INDÍCIOS DO LANGUISHING
Mesmo com todos os transtornos existentes, surge um novo fenômeno que emergiu com a pandemia: o languishing, que inclui um sentimento persistente de apatia de difícil definição, mas que está longe dos extremos, seja o de felicidade plena e o da tristeza angustiante, mas sim no meio-termo. A psicóloga Ana Carolina Peuker, CEO e fundadora da Bee Touch, mental
healthtech responsável por mensurar riscos psicológicos digitalmente em empresas e instituições, aponta quatro indícios de que você pode estar desenvolvendo o languishing.
- Sentimento de “esvaziamento”: a crise sanitária global agrava este quadro. Não conseguir planejar o futuro é perturbador e acaba gerando mais ansiedade, acabando com a ilusão de que é possível ter controle das coisas. Ainda tivemos que nos adaptar muito rápido a tantas necessidades, e isso é exaustivo, pois as pessoas ficam em alerta contínuo. Essa exaustão é a responsável por causar o sentimento de culpa, esvaziamento emocional e apatia.

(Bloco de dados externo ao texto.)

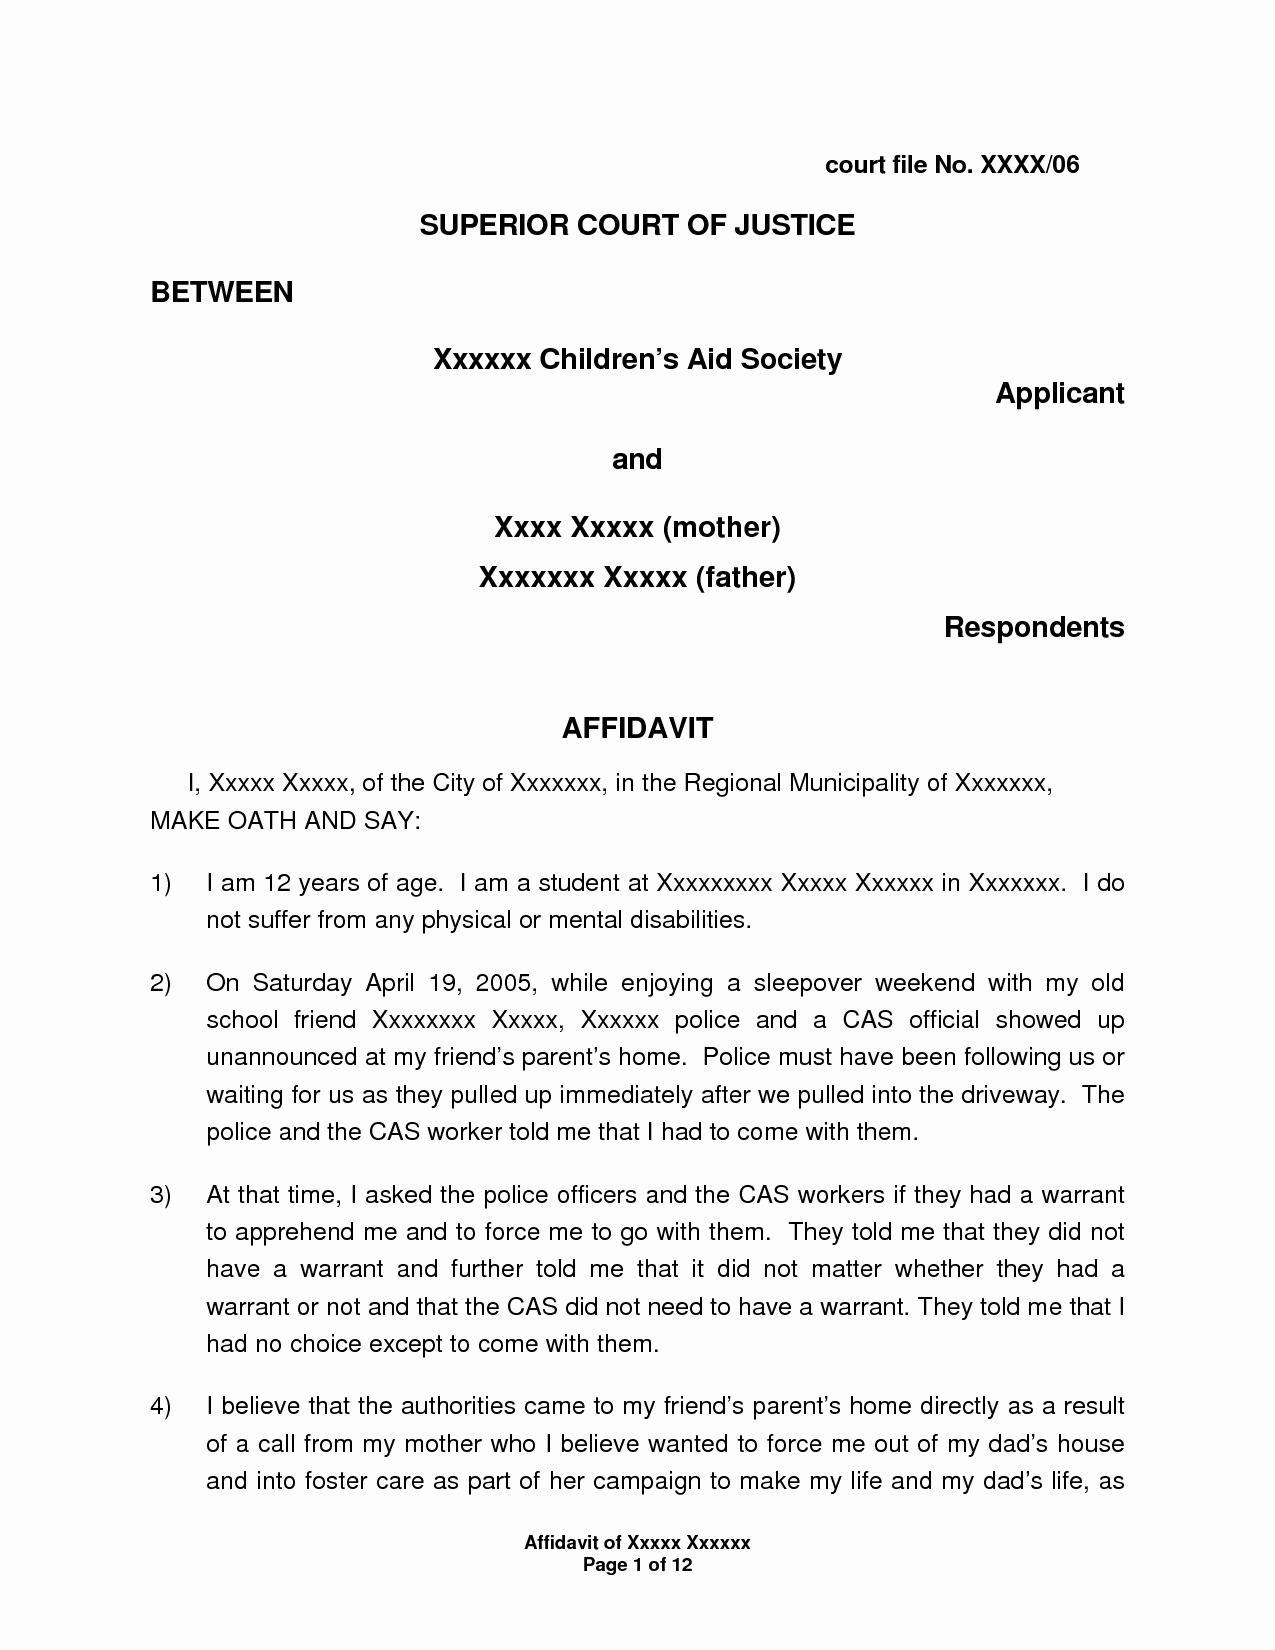 Sample Of Affidavit Of Support Letter Inspirational I 751 Affidavit Letter Sample

- Não se sente feliz e nem triste: existe um grupo que não se sente triste ao ponto de se encaixar na depressão, já que tem energia para tarefas do dia, mas está longe de estar satisfeito com a vida. Esse é um sintoma muito comum, que é praticamente invisível, e os tratamentos são destinados aos transtornos já existentes. Porém, quem não se encaixa nos critérios de depressão, síndrome do pânico, burnout e outros? A pessoa não consegue se realizar, por isso, também sofre.
- Não conseguir ter uma visão positiva: mesmo não se sentindo extremamente triste, a pessoa que apresenta o quadro de languishing não tem a dimensão positiva do futuro, apresentando padrões mais negativos e falta de perspectiva. Isso poderia ser definido como uma visão “embaçada” do futuro, a pessoa pode ter a sensação de que sua vida está estagnada. Se na síndrome de Burnout a sensação é de um motor pifado pelo “superaquecimento”, no languishing é como se o motor só pegasse “no tranco”.
- Sentir-se desmotivado no trabalho: na rotina profissional, uma das sensações que são importantes para a alegria é a sensação de progresso. Quem sofre com o languishing pode ficar desmotivado e, aos poucos, perder a produtividade. Assim, acaba criando um ciclo vicioso e levando para outras áreas da vida, como também a vida pessoal. Se a crise pandêmica fez com que muitas pessoas encontrassem seu propósito, neste quadro é ao contrário, as pessoas deixam de reconhecê-lo e se sentem sem rumo.